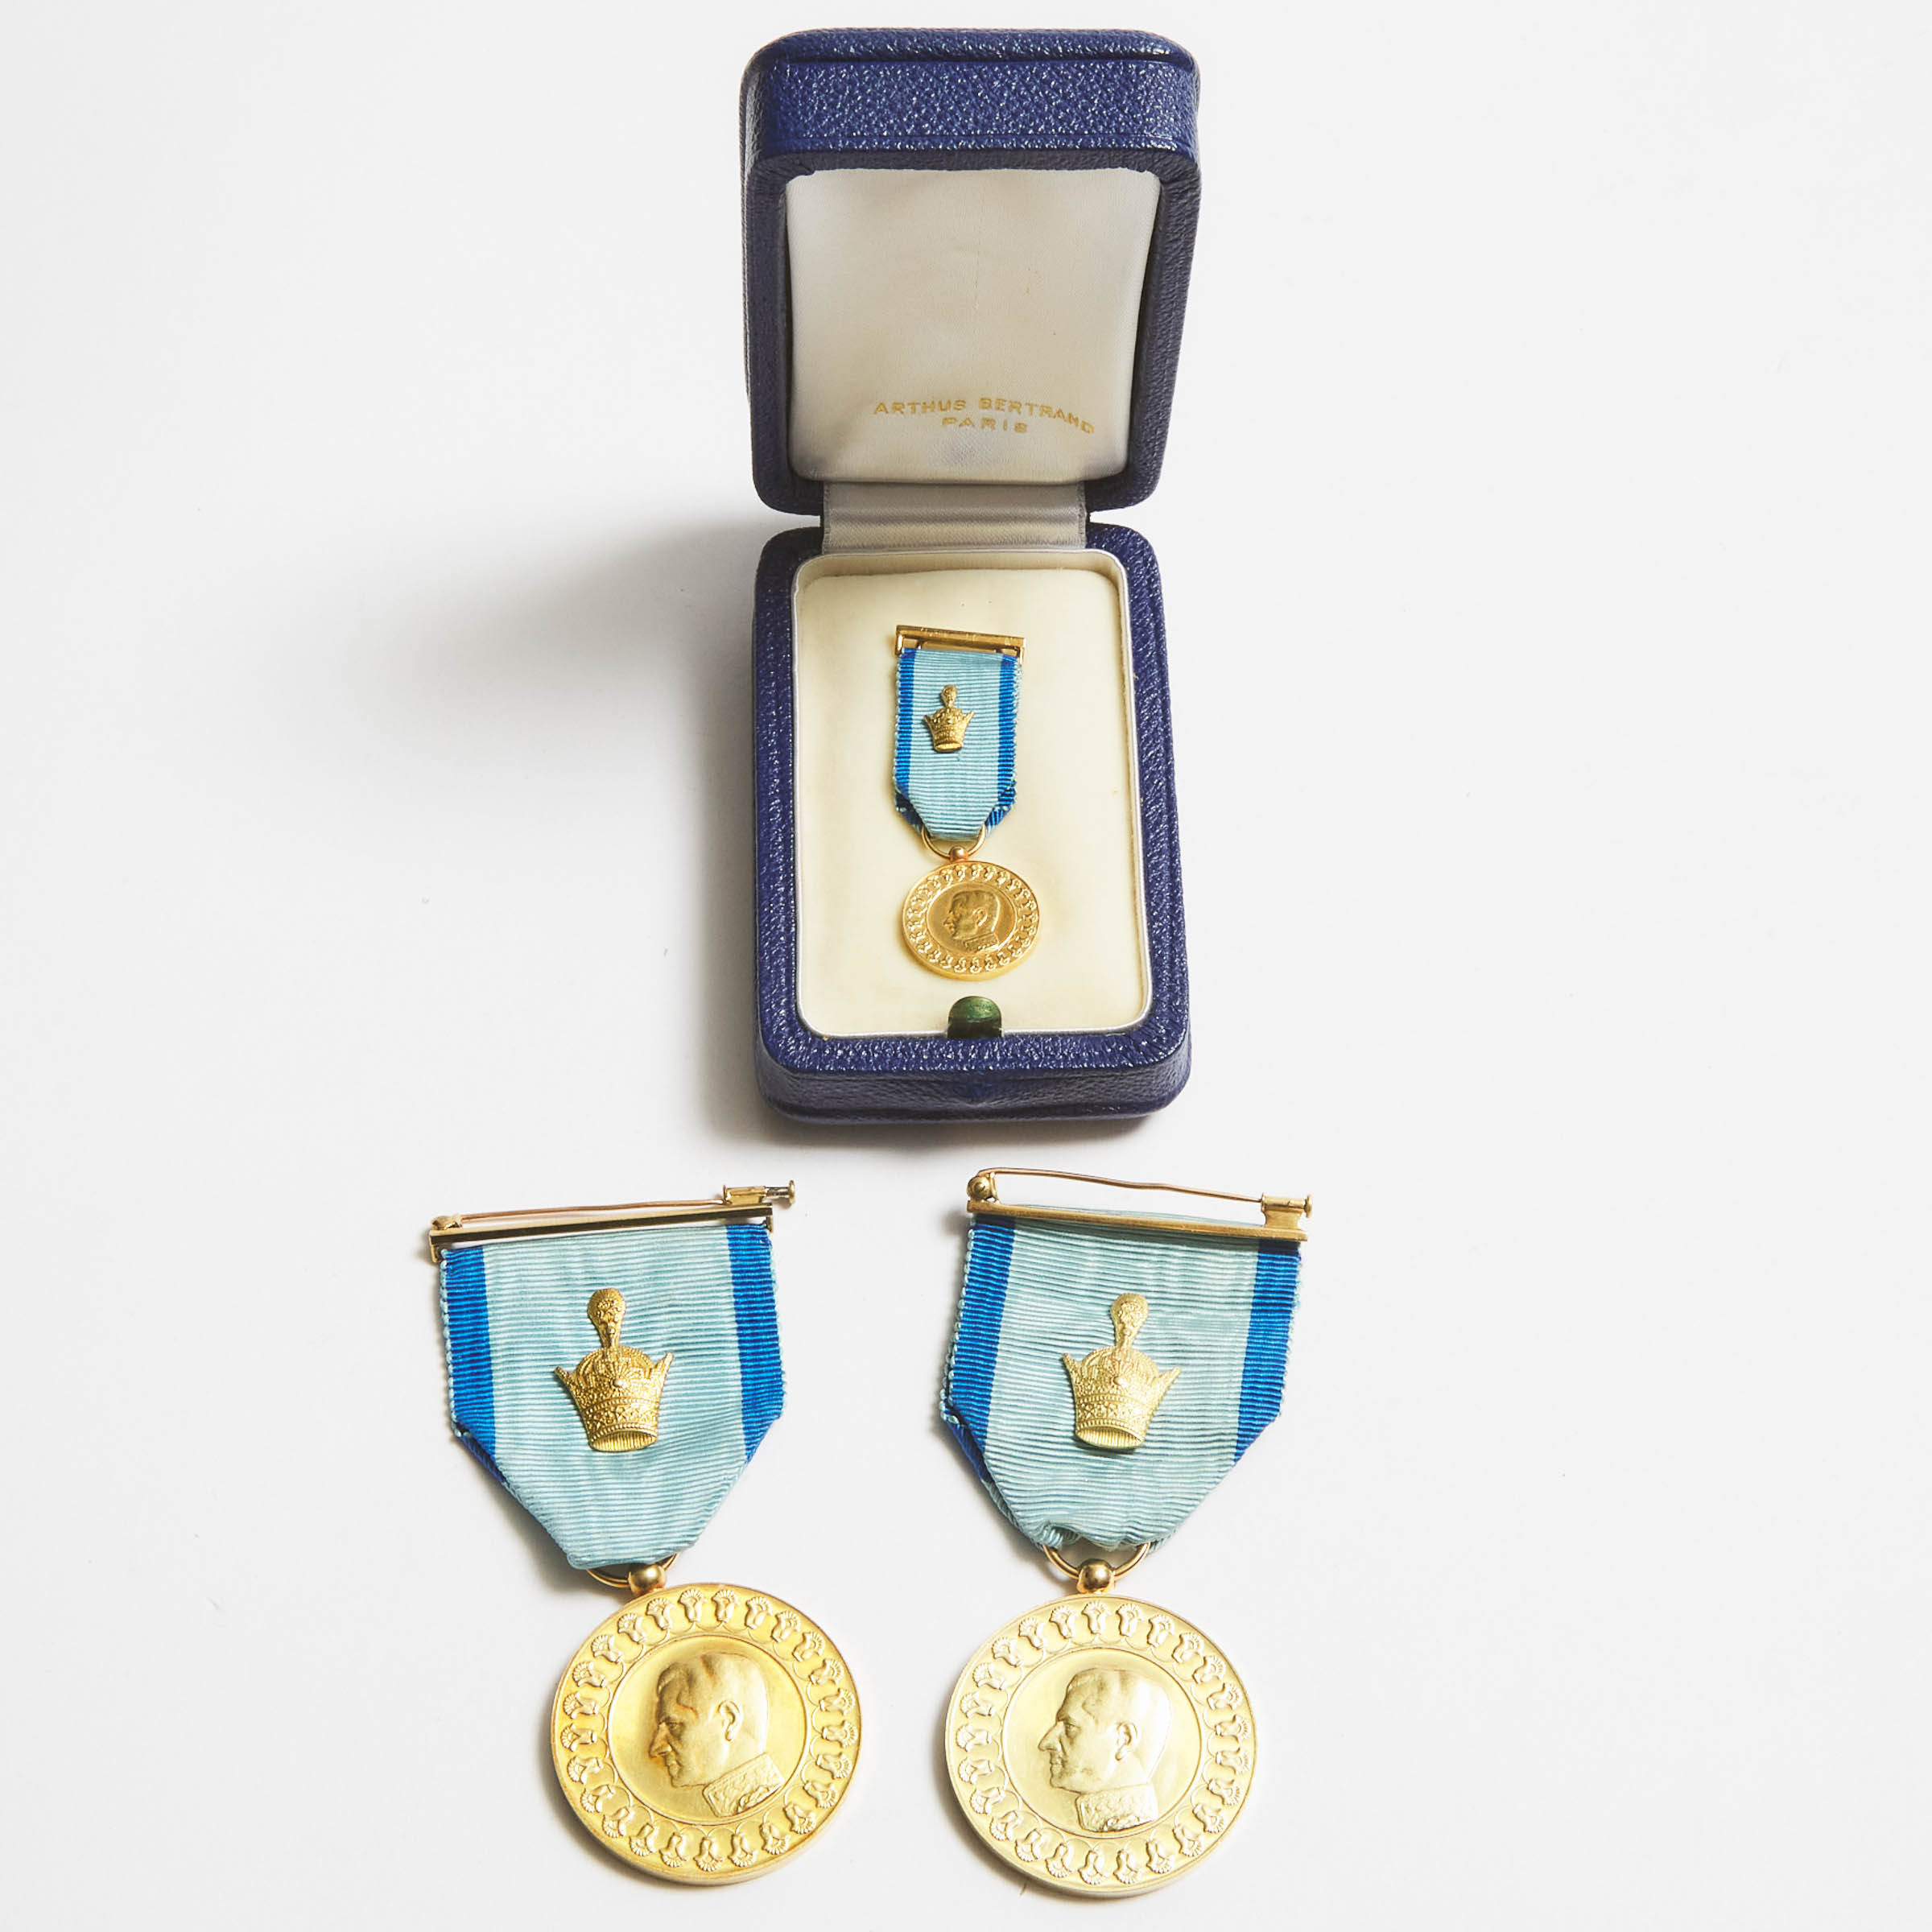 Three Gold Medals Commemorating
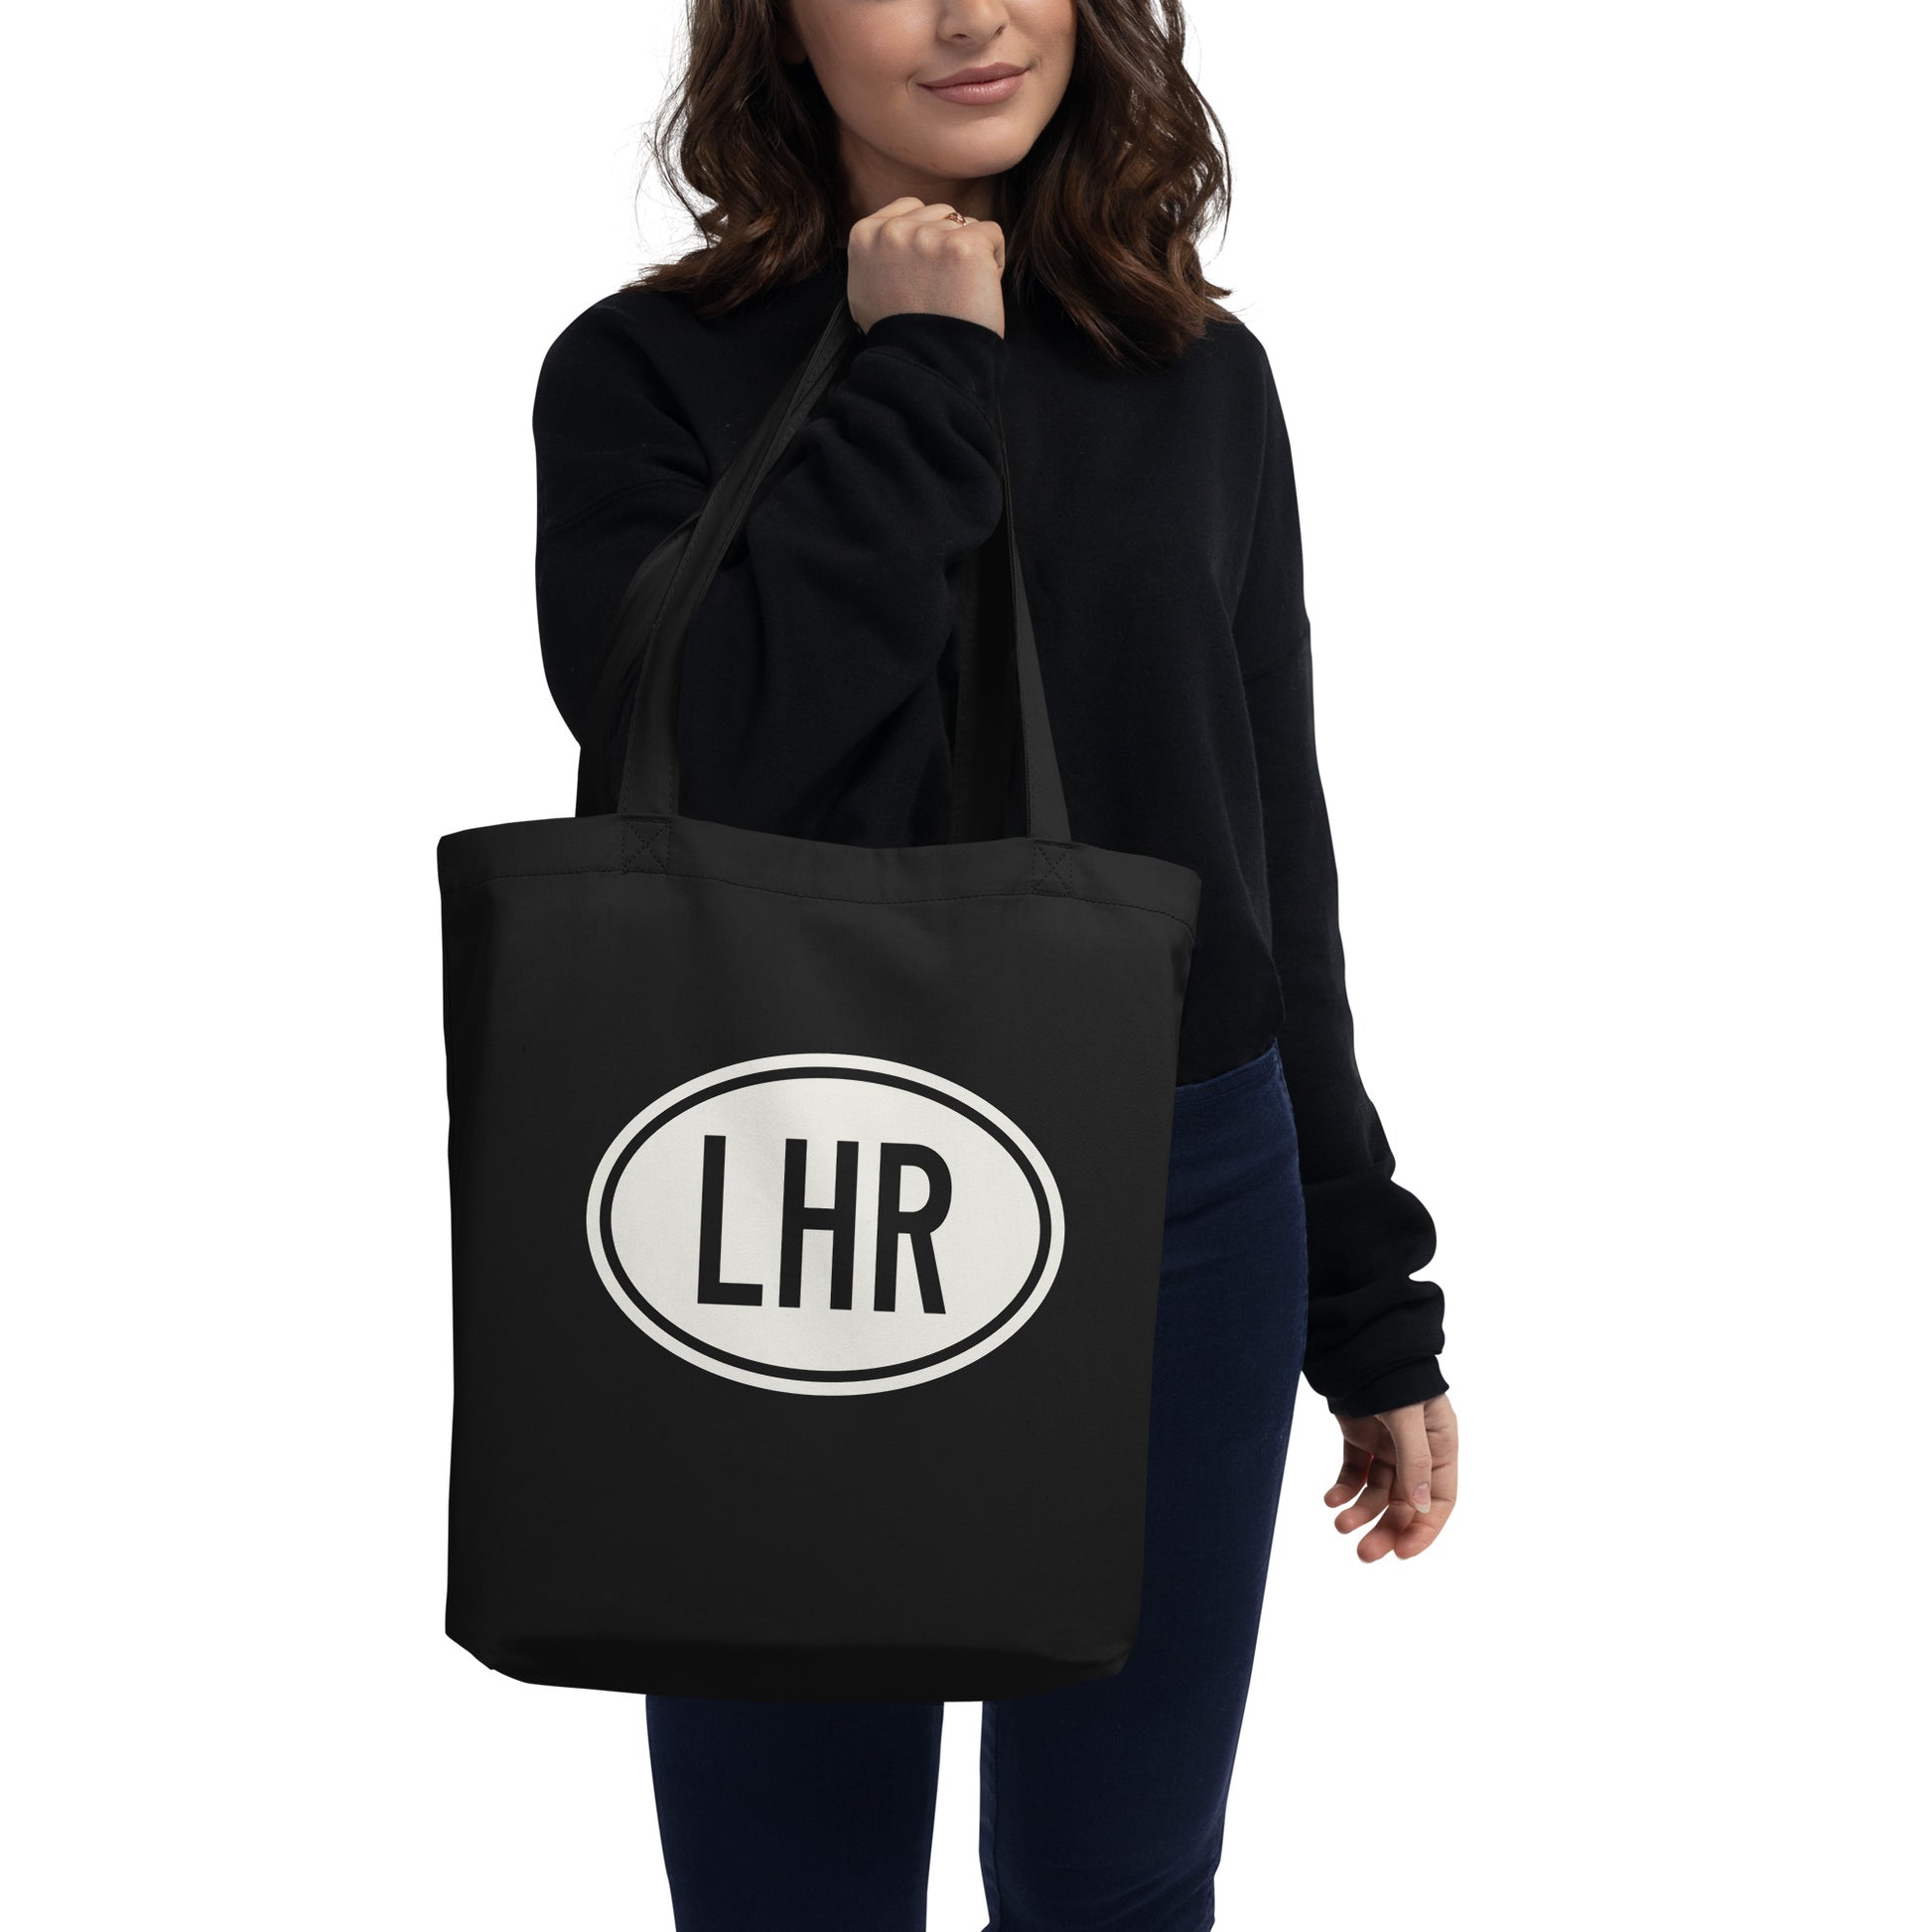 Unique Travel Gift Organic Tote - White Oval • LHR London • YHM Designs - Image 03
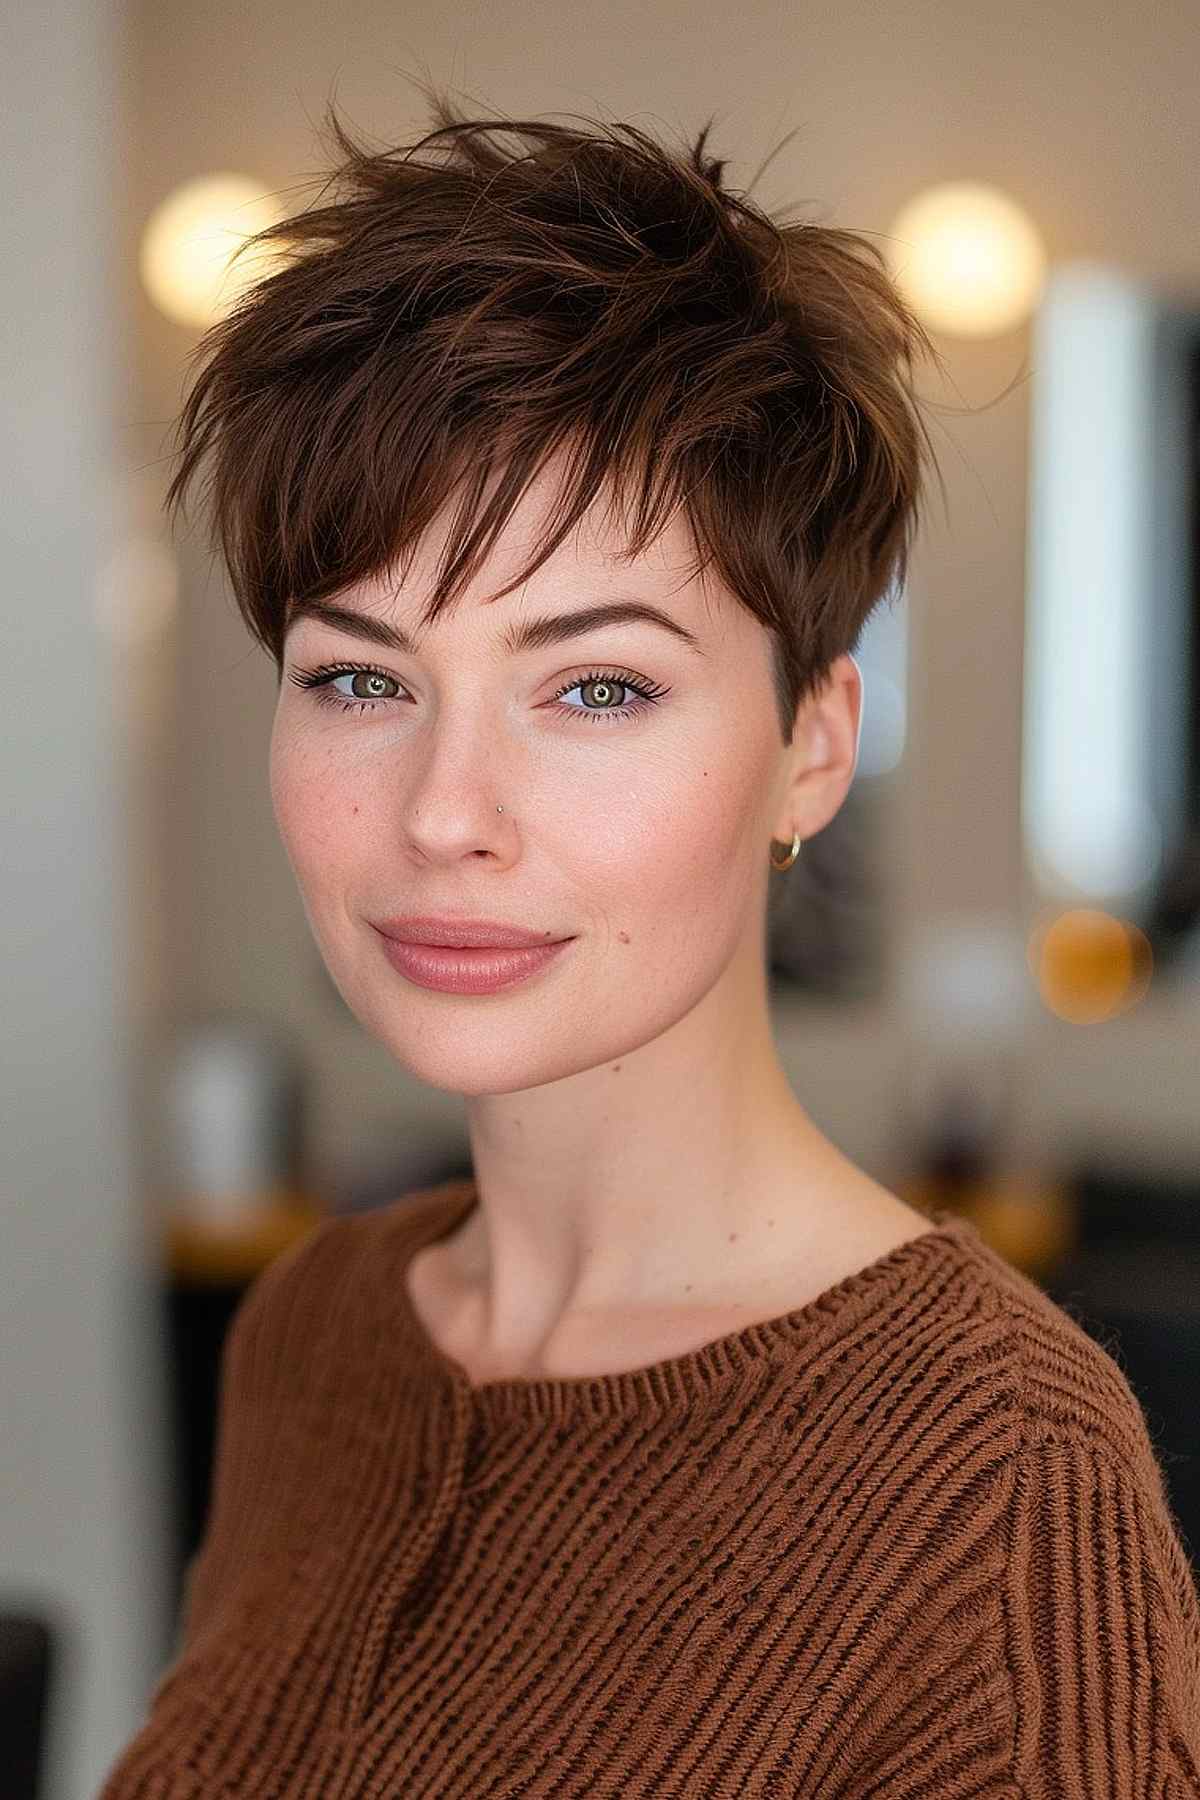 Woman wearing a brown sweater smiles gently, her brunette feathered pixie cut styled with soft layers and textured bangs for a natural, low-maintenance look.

### TASK
Output, word for word, the full listing above, with no pictures.

### EXPECTED OUTPUT
 Three Gold Medals Commemorating
 Unique Travel Gift Organic Tote - White Oval • LHR London • YHM Designs - Image 03
 Woman wearing a brown sweater smiles gently, her brunette feathered pixie cut styled with soft layers and textured bangs for a natural, low-maintenance look.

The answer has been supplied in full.